# Tunnel derailment



## Dirk18 (Sep 7, 2018)

I am busy planning my layout. I do of course want a tunnel. My question is: what do you do should you get a derailment inside a tunnel? My big paws will not fit inside a tunnel. Do you make the tunnel " removable " so that you can lift it off?

Regards


----------



## MichaelE (Mar 7, 2018)

You take extra care to ensure the track was laid flawlessly so there are no derailments. Check all of the equipment you plan to run through your tunnel, especially 85' passenger cars before building it with no access to the inside.

Do not place a switch inside a tunnel if you can help it.


----------



## Magic (Jan 28, 2014)

Good advice by Michael.

But it seems that no matter how careful you are things happen.
You WILL get a derailment in your tunnel. I think it's in the Model Railroading by laws.
You will also need to clean the track in there so make plans for it.

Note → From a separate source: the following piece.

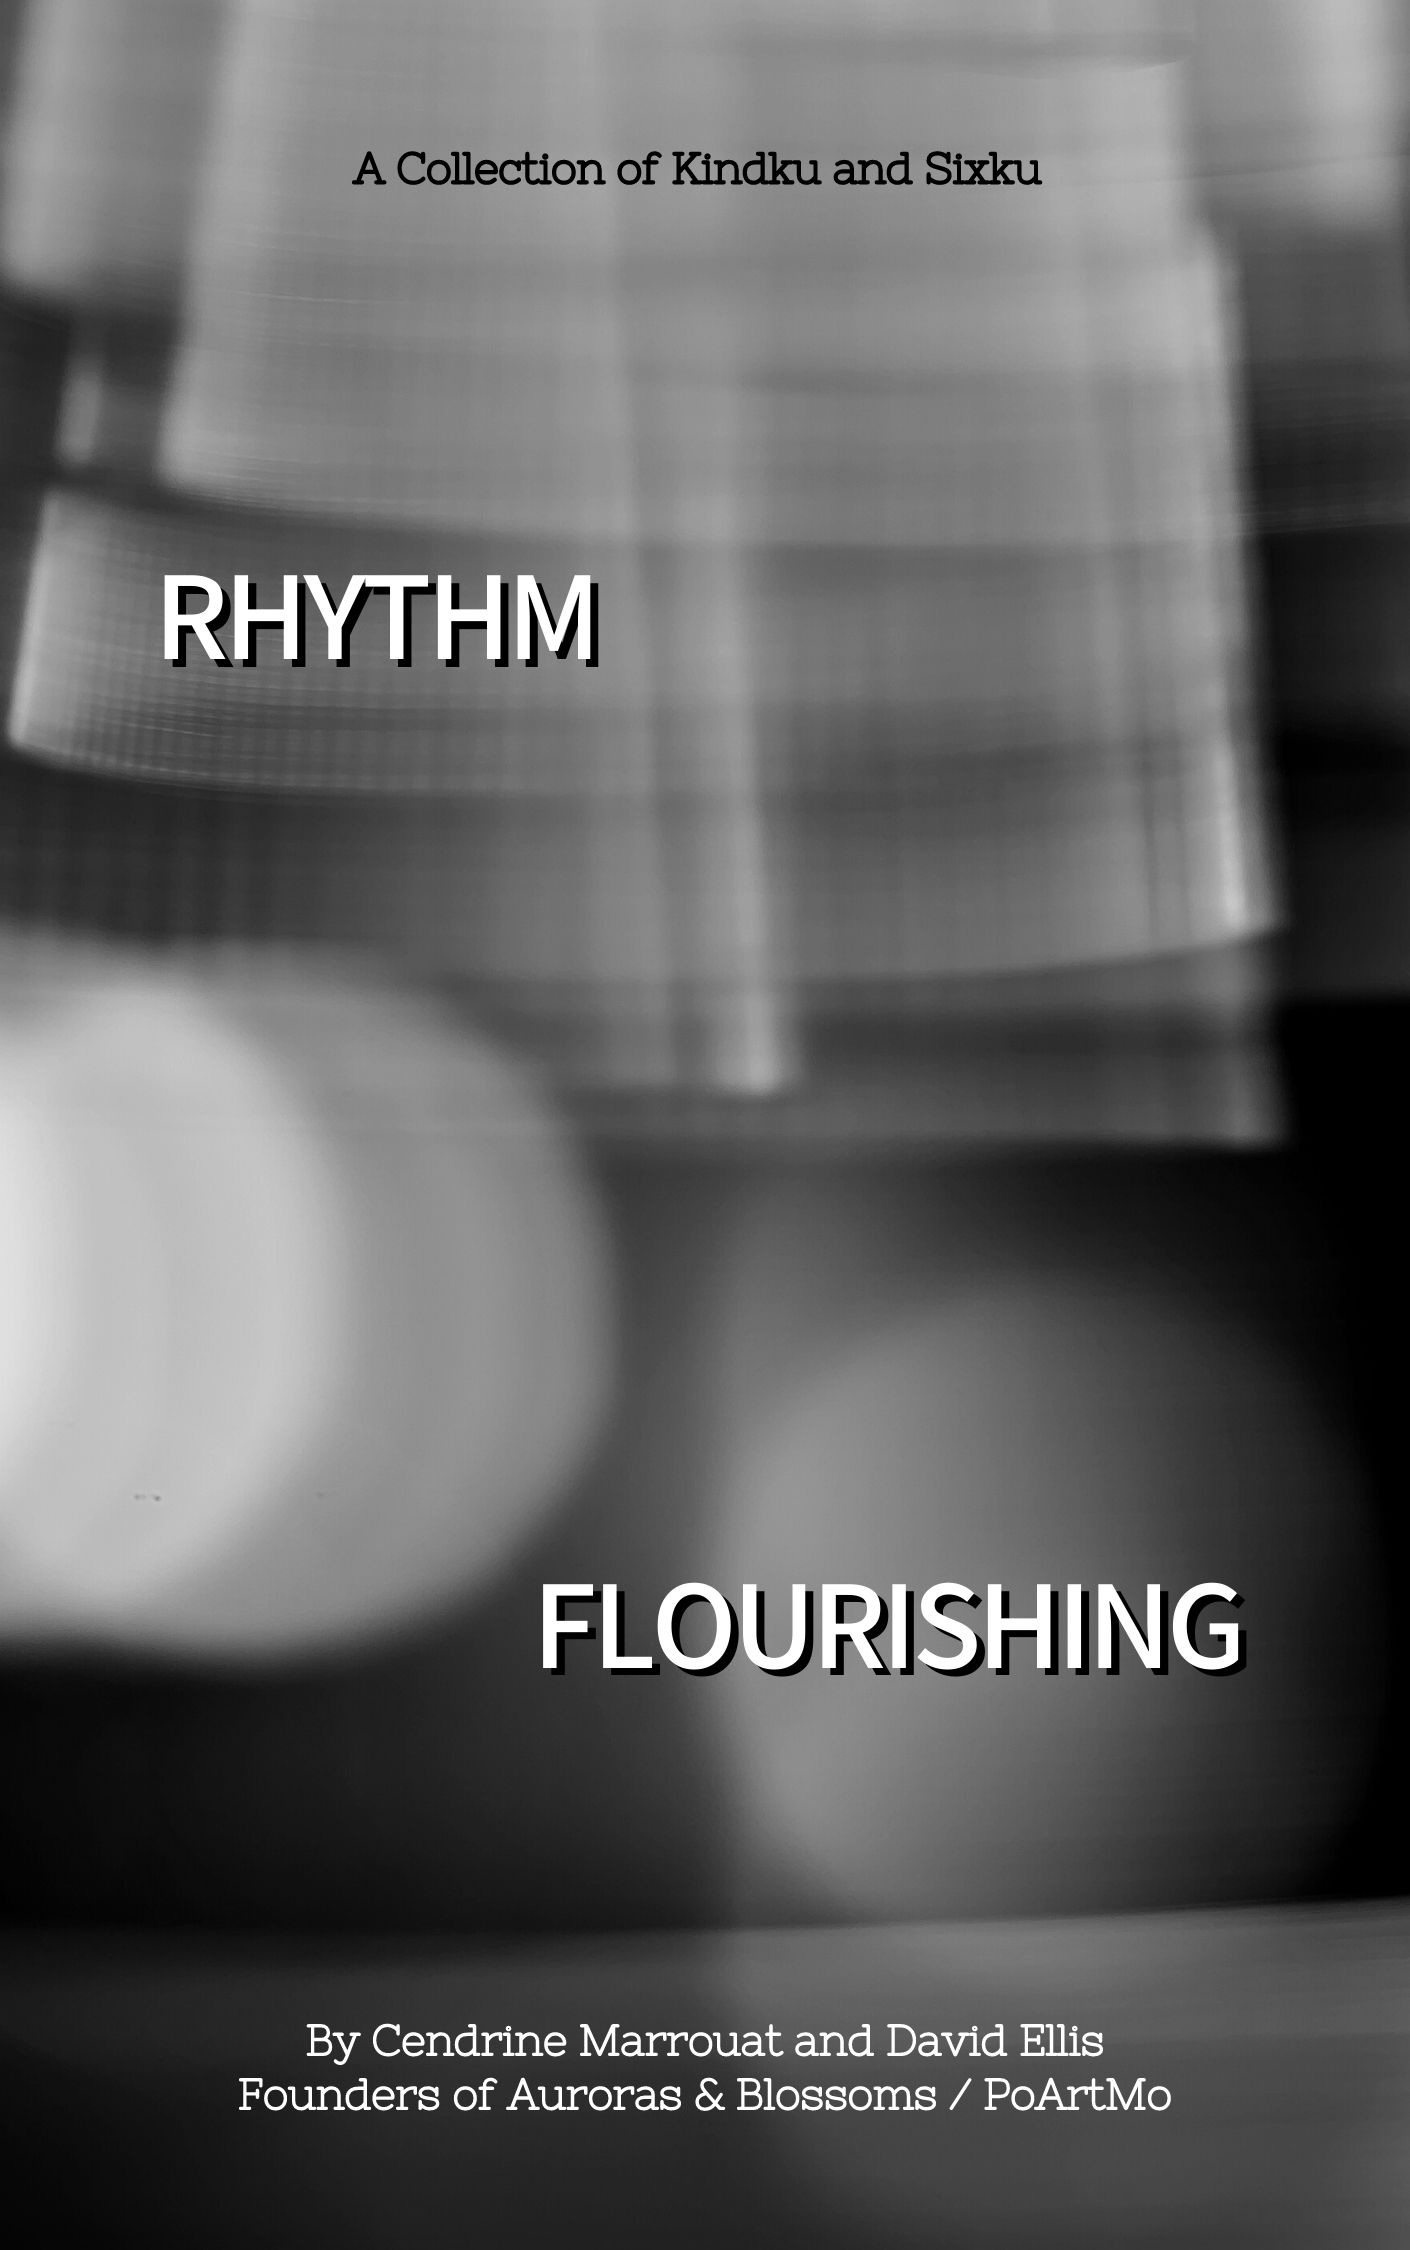 Rhythm Flourishing: A Collection of Kindku and Sixku's Ebook Image

A lift off top or sides will work.
My one long tunnel has a lift off top.

Magic


----------



## Massey (Apr 16, 2011)

Make an acces hatch of some sort. No matter wat you will need to clean track inside the tunnel, an if you don’t make an access, our friend Murphy will cause a derailment or worse just out of reach. Check the pic below to see the access door to my tunnel for just the purpose I mention.


----------



## VegasN (Mar 14, 2016)

I personally used a lift off mountain top. I have done portals to reach, but it seems you have to be a contortionist to reach at times. Or, at my age and health, even just crawling under the layout can prove painful. So, I opted for a lift off top......


----------



## Lehigh74 (Sep 25, 2015)

If you have a derailment or other problem it WILL happen where you can’t get to it. You definitely need to have an access hatch and/or a removable mountain. Here is a thread with mine. Scroll down to post 43.

https://www.modeltrainforum.com/showthread.php?t=48369


----------



## Guest (Sep 12, 2018)

On my current O gauge layout I have a long tunnel where I've never had a derailment but the fascia is removable to allow access just in case. On my old N scale layout I had a long tunnel with a removable top. I never had a train derail inside the tunnel but the only problem I had I somehow caused a derailment (I don't remember how I did it) and couldn't stop the train before it entered the tunnel. Of course, the derailed wheels decided to stop the train inside the tunnel. I was very happy to be able to remove the top to clear the problem.


----------



## Dennis461 (Jan 5, 2018)

*other options*

I have a 18" long removable tunnel (Previous layout had too much underground track and derailments).

Could you make the track section moveable, perhaps straight down instead of removing the tunnel?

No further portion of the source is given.